What you will do:
The pictures in the listing below are to be skipped, while the lines between the line holding "View of the" and the line holding "MEET THE PRESS -- Pictured: Pete", inclusive, are to be output exactly.

BEGIN Records for the task

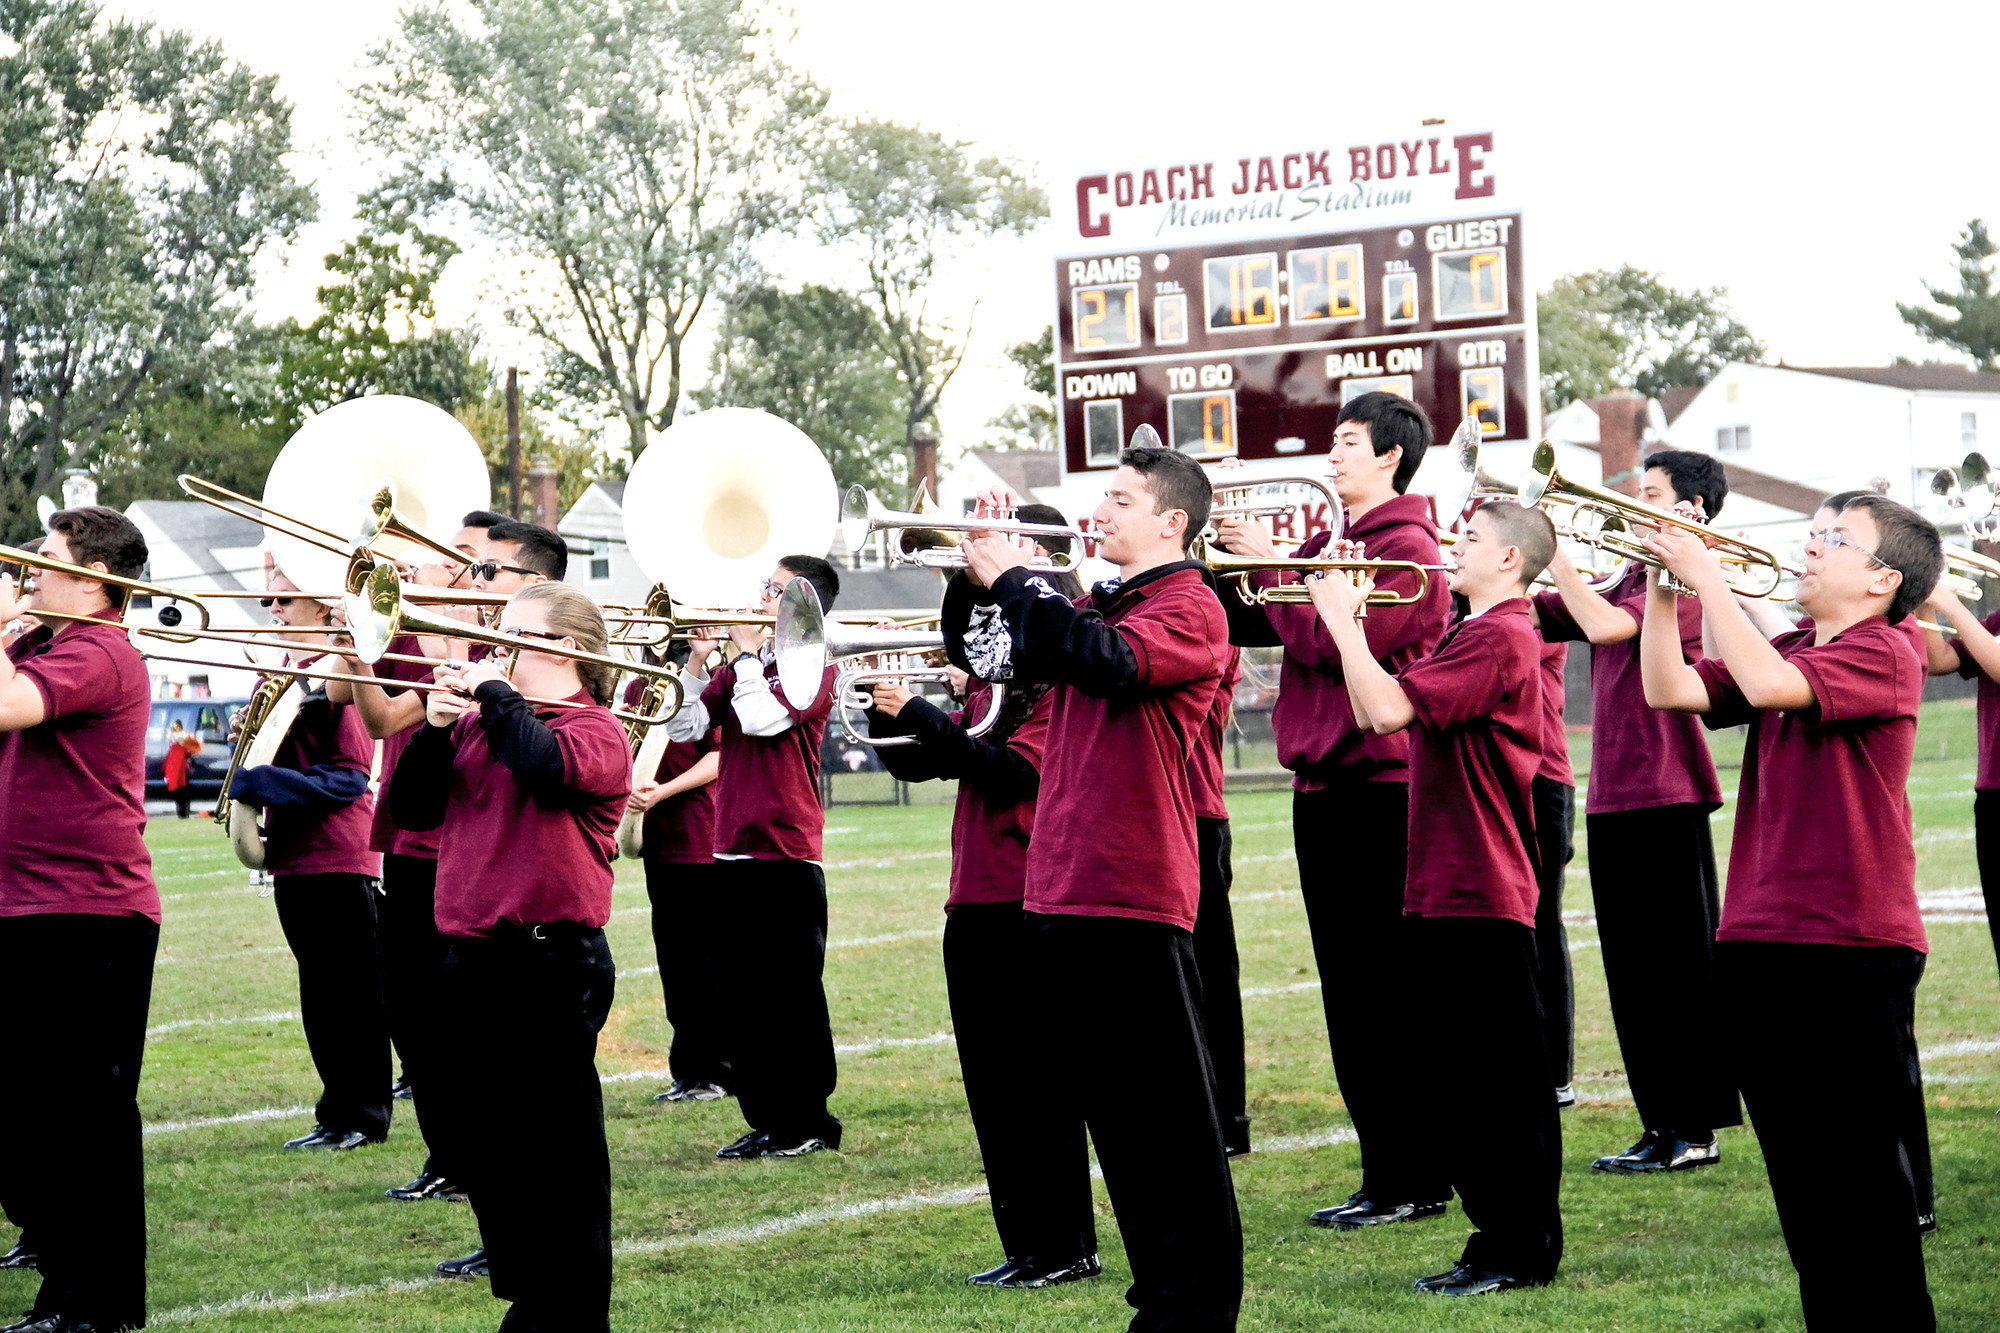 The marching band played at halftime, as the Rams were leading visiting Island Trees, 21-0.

END Records for the task
BEGIN Records for the task

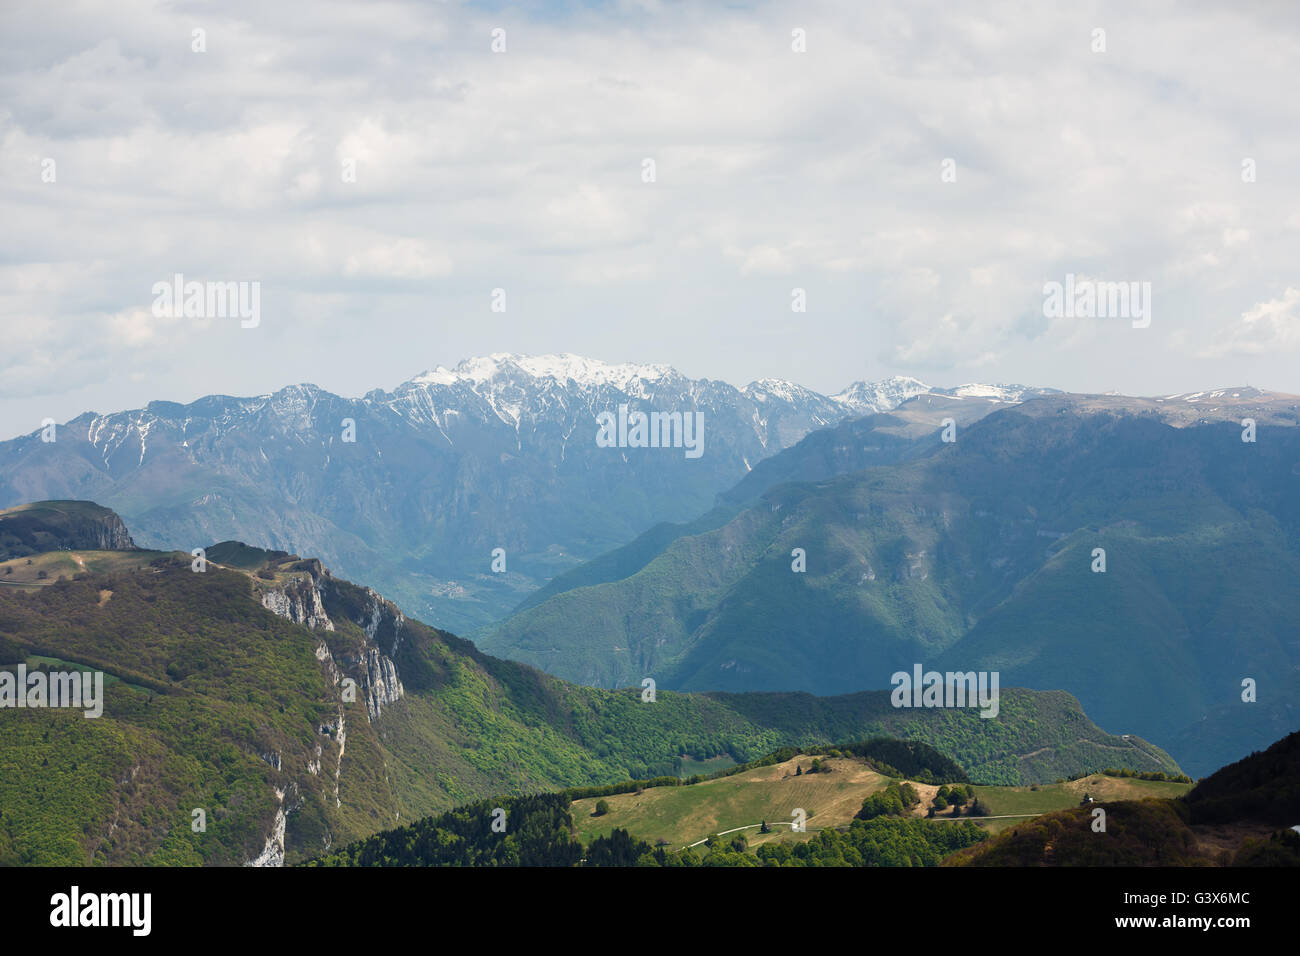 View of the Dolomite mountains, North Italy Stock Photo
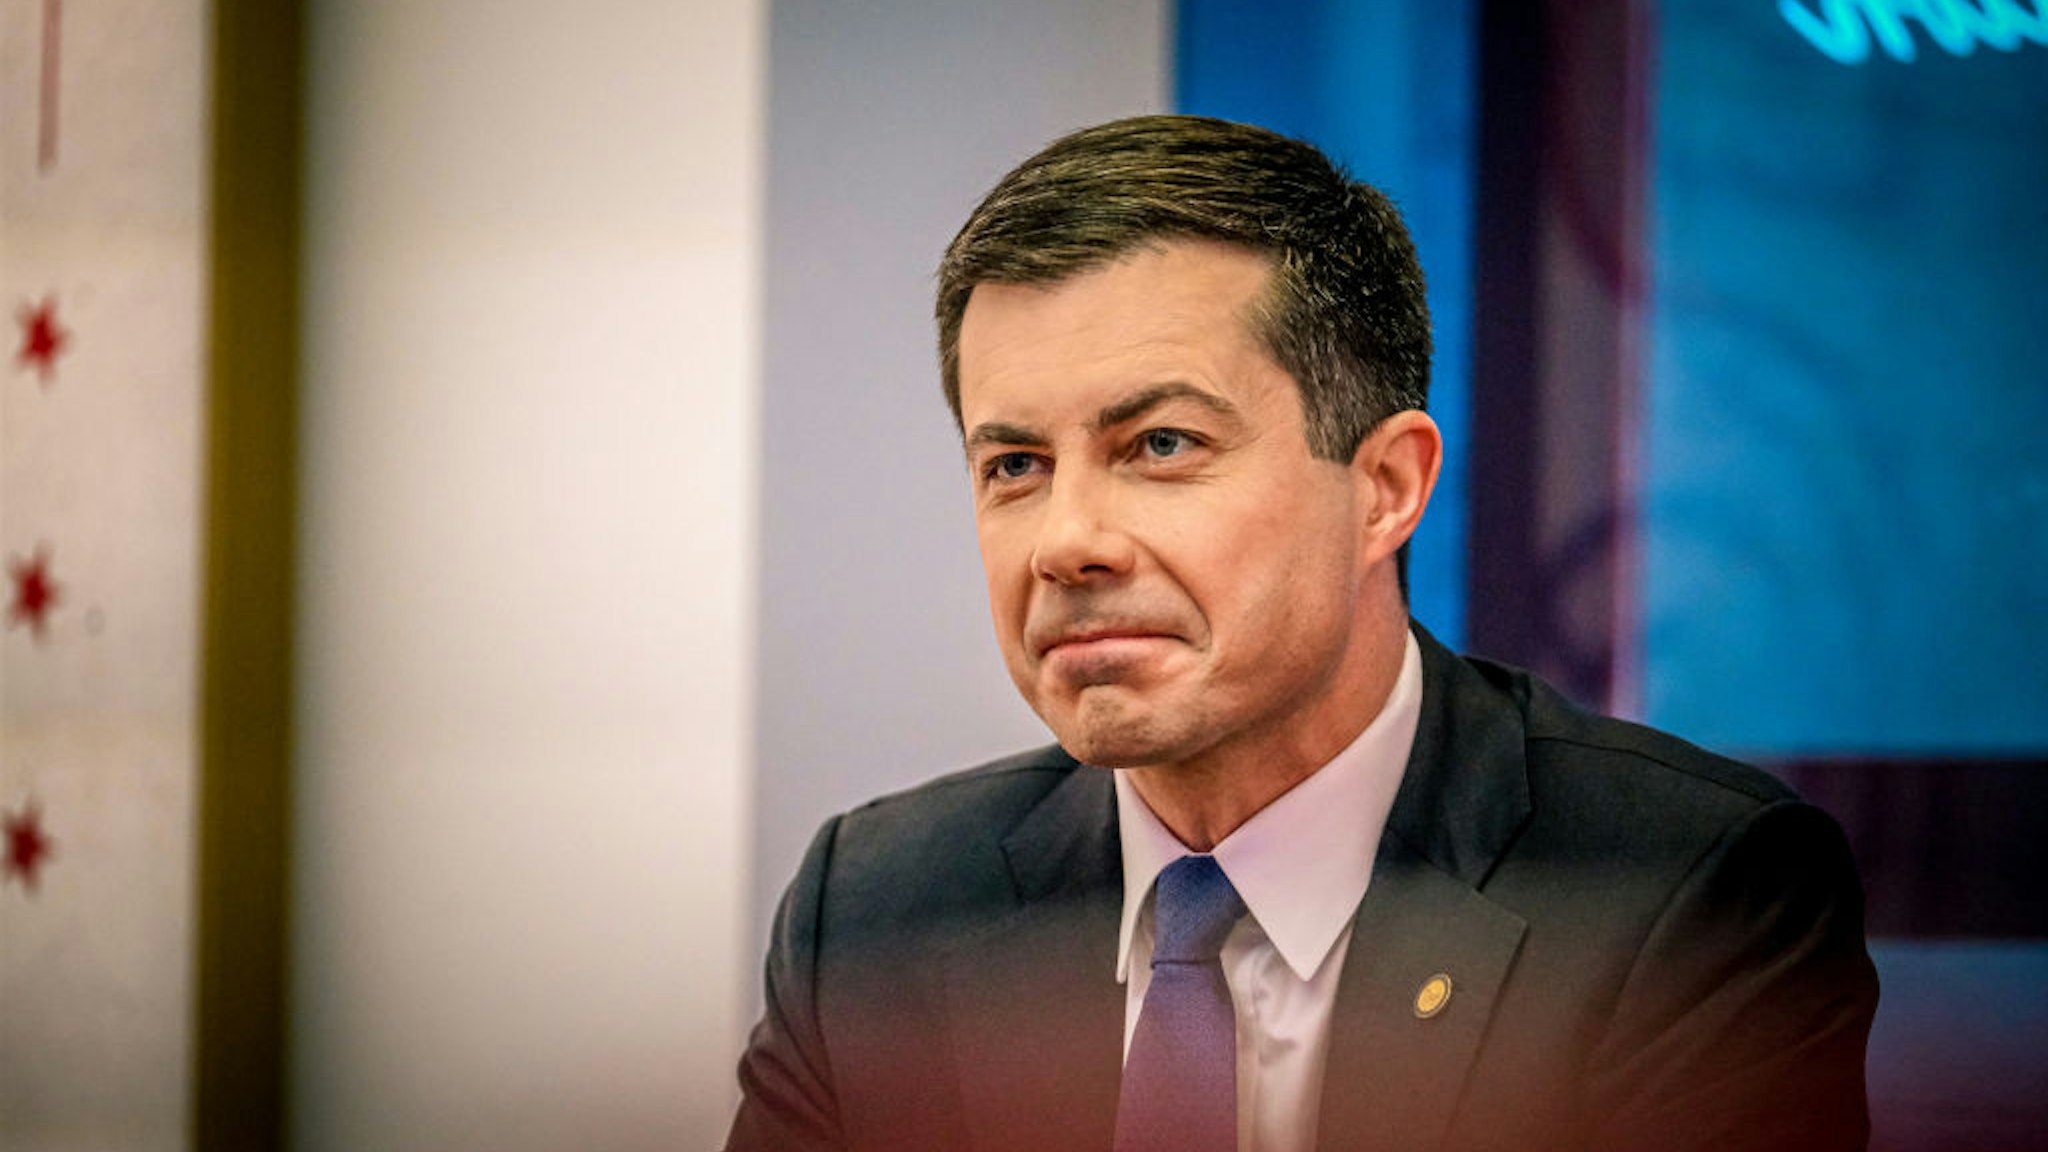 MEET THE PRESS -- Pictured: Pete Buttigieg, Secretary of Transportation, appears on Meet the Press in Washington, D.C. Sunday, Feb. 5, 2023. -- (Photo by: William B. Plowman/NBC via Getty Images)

END Records for the task
BEGIN Records for the task

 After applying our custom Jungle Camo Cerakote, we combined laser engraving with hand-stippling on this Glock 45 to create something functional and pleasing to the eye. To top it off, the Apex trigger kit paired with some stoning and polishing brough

END Records for the task

Exercise solution:
 View of the Dolomite mountains, North Italy Stock Photo
 MEET THE PRESS -- Pictured: Pete Buttigieg, Secretary of Transportation, appears on Meet the Press in Washington, D.C. Sunday, Feb. 5, 2023. -- (Photo by: William B. Plowman/NBC via Getty Images)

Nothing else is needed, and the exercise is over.